Segment Open
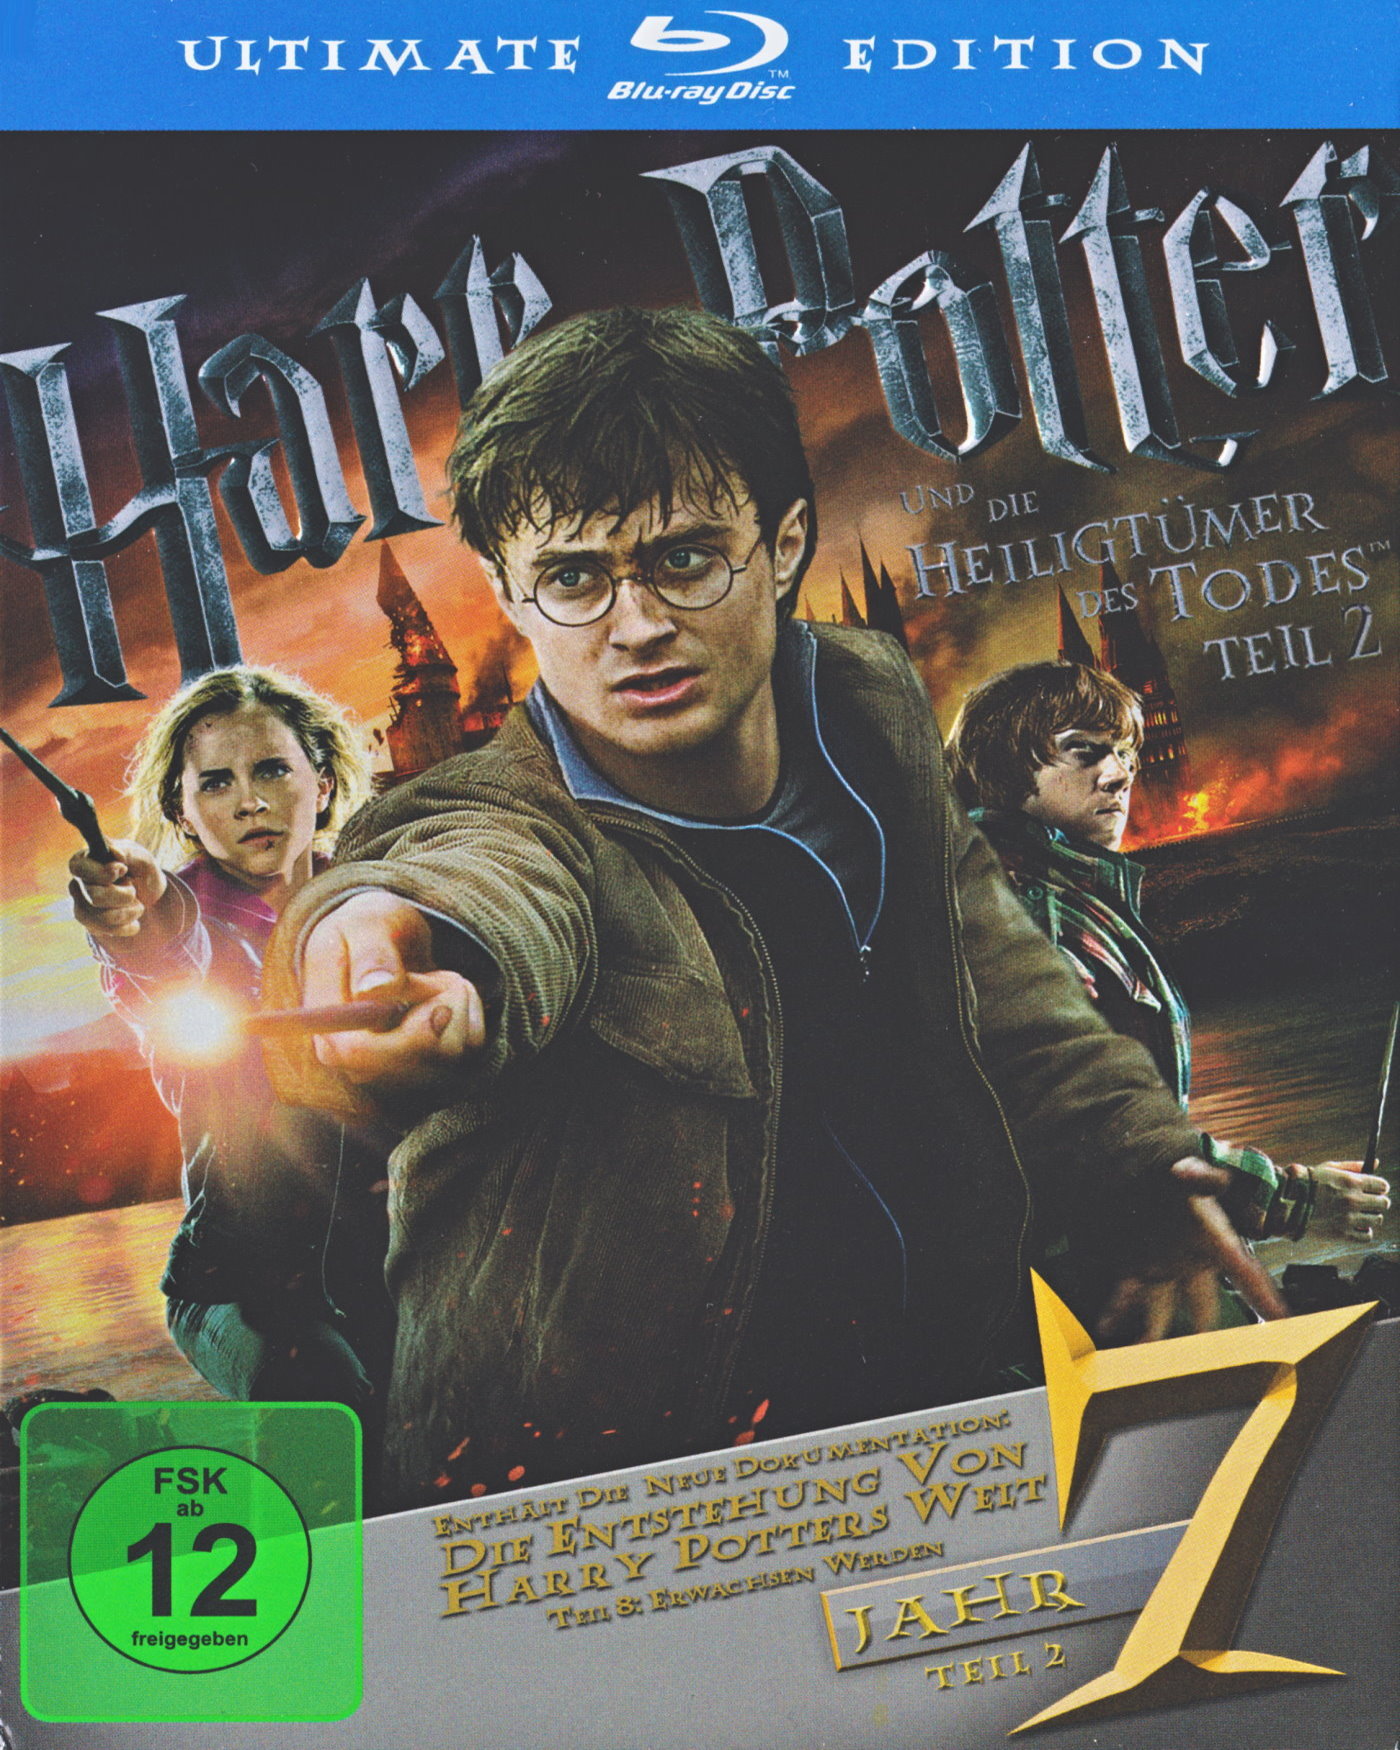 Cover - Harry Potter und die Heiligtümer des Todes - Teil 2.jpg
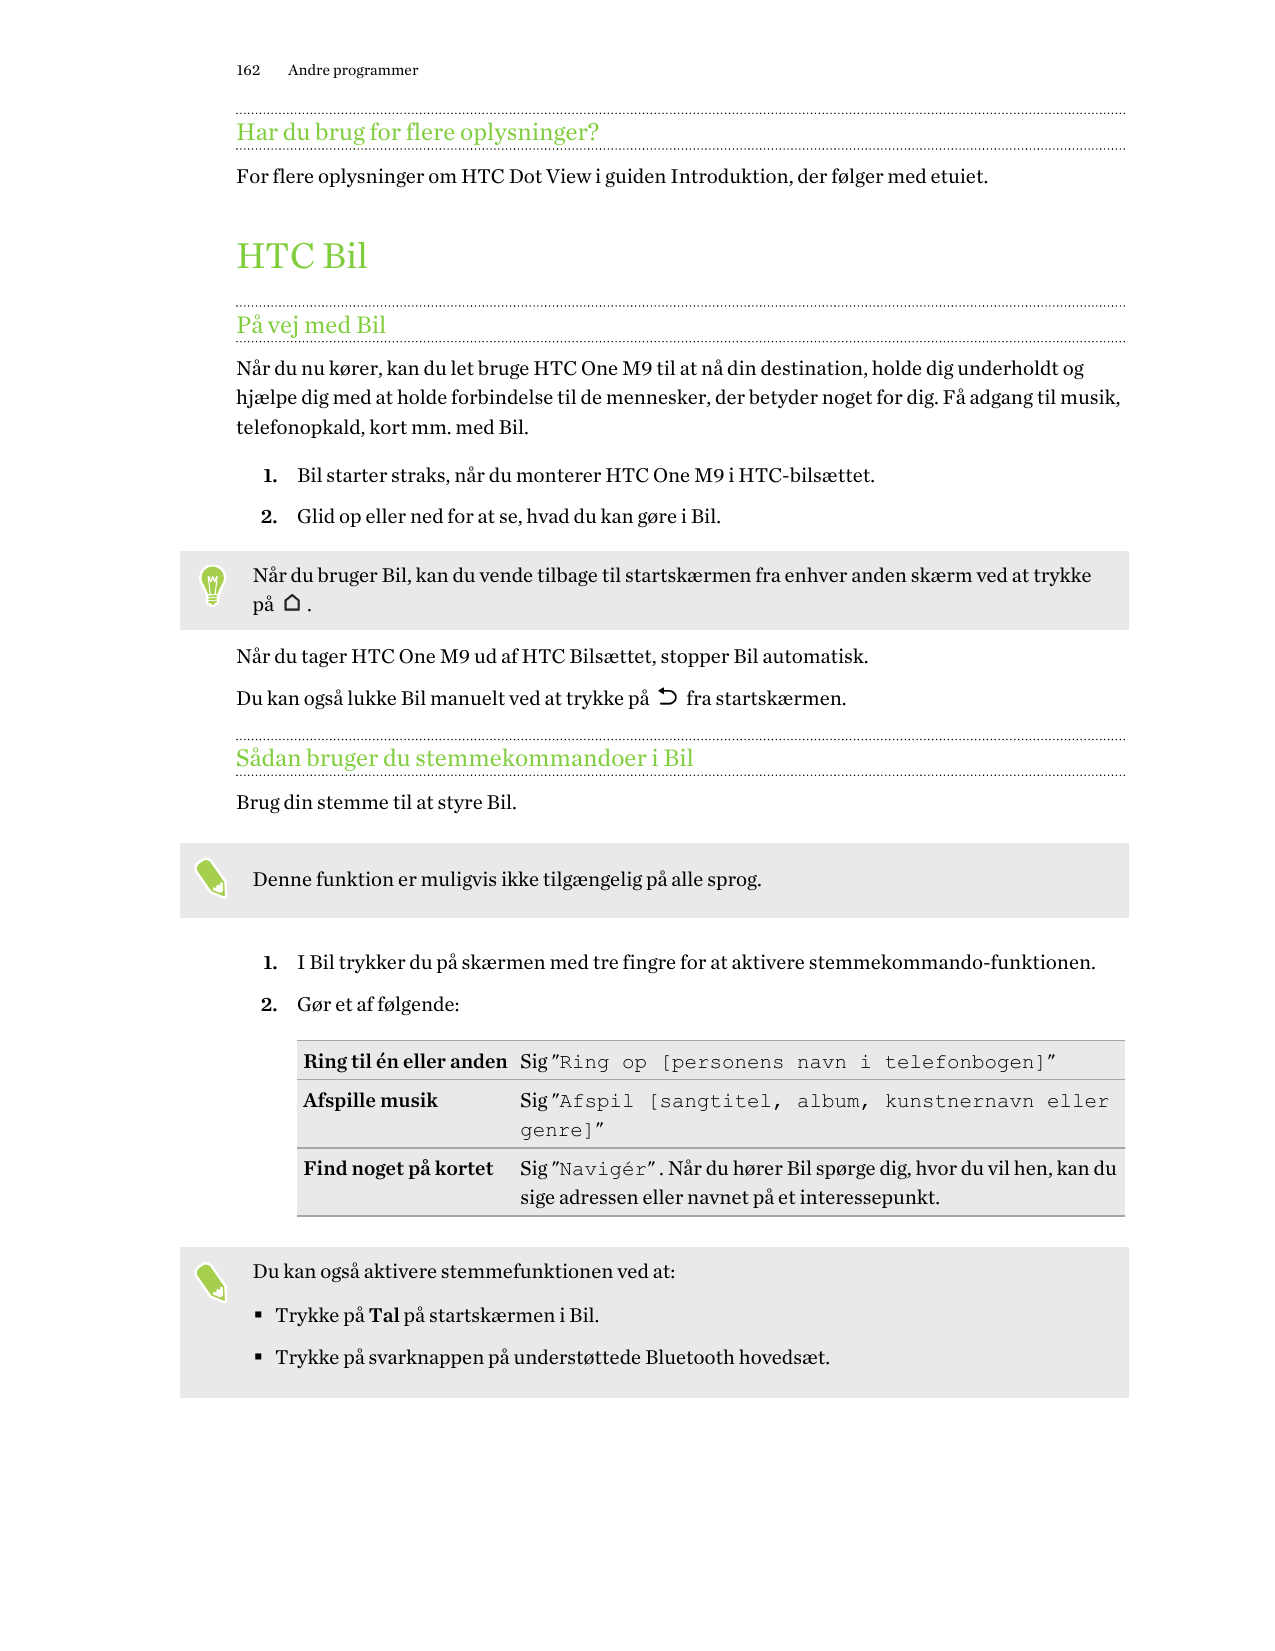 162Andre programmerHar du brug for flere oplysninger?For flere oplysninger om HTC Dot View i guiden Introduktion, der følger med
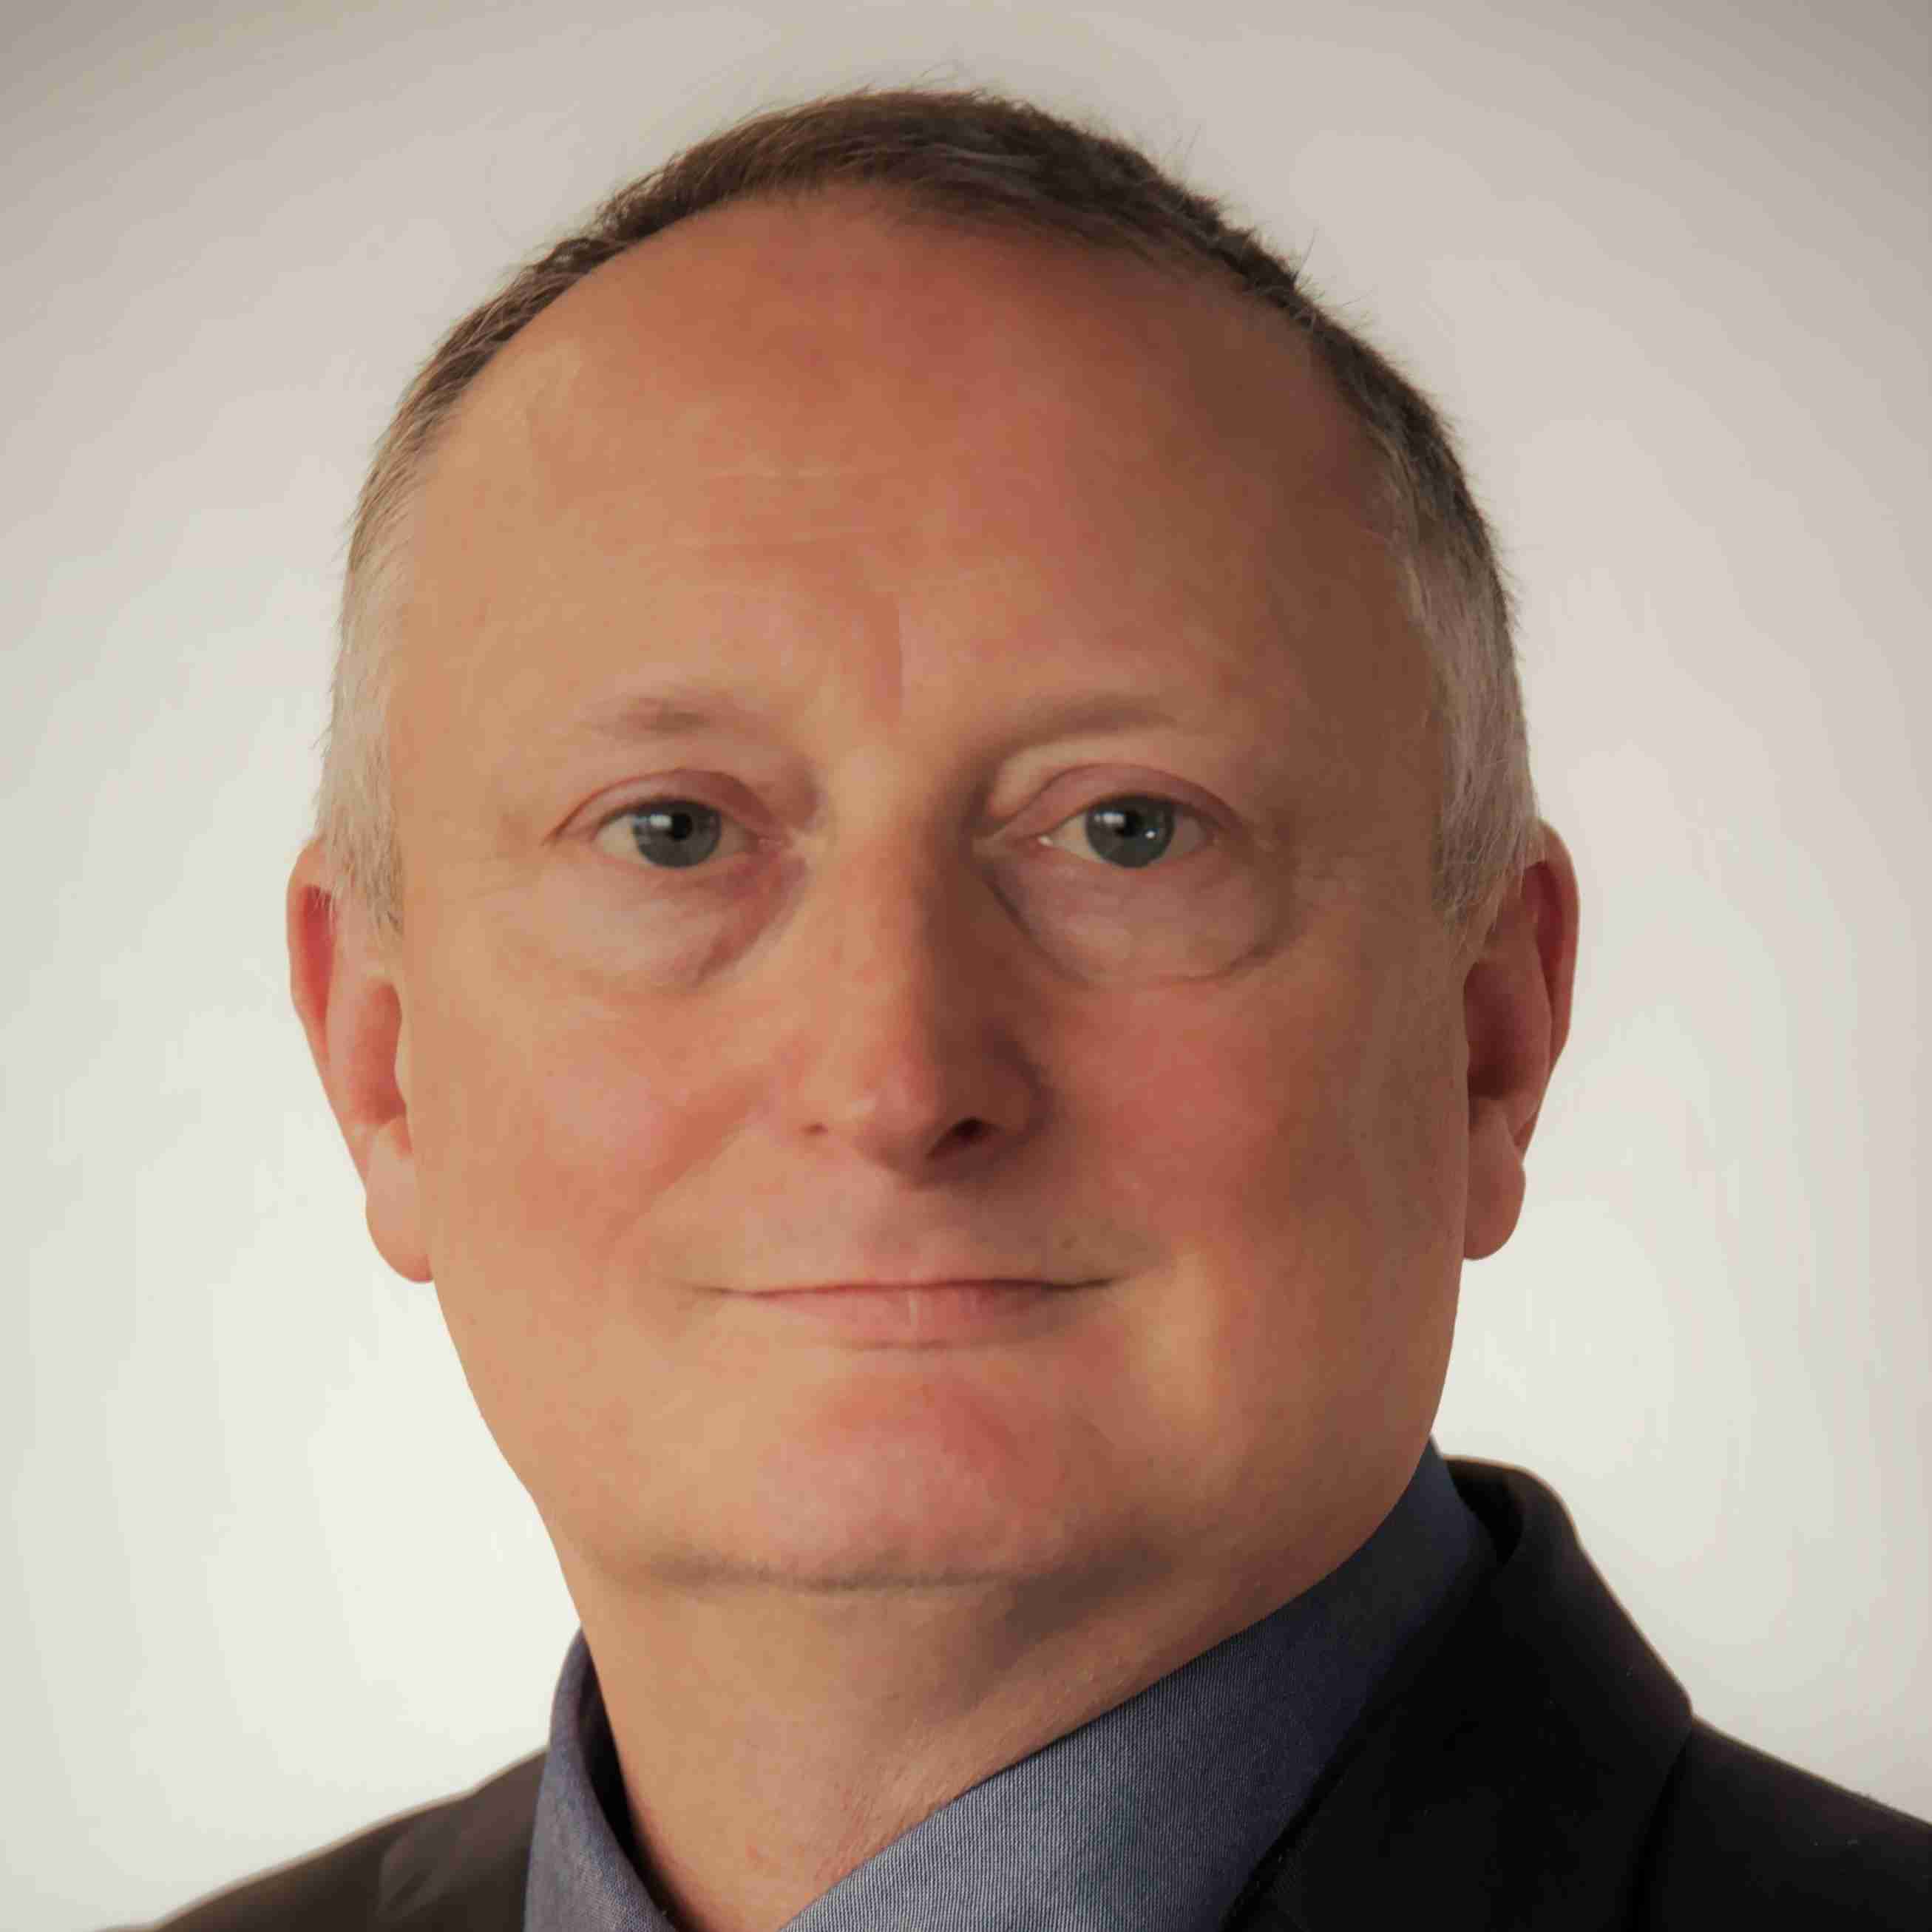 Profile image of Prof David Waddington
Segment Closed
» Work order
Could you repeat word for word only the lines from the one that contains "162Andre programmerHar du" through the end of the listing, leaving out the pictures?

» Result for this exercise
 162Andre programmerHar du brug for flere oplysninger?For flere oplysninger om HTC Dot View i guiden Introduktion, der følger med
 Profile image of Prof David Waddington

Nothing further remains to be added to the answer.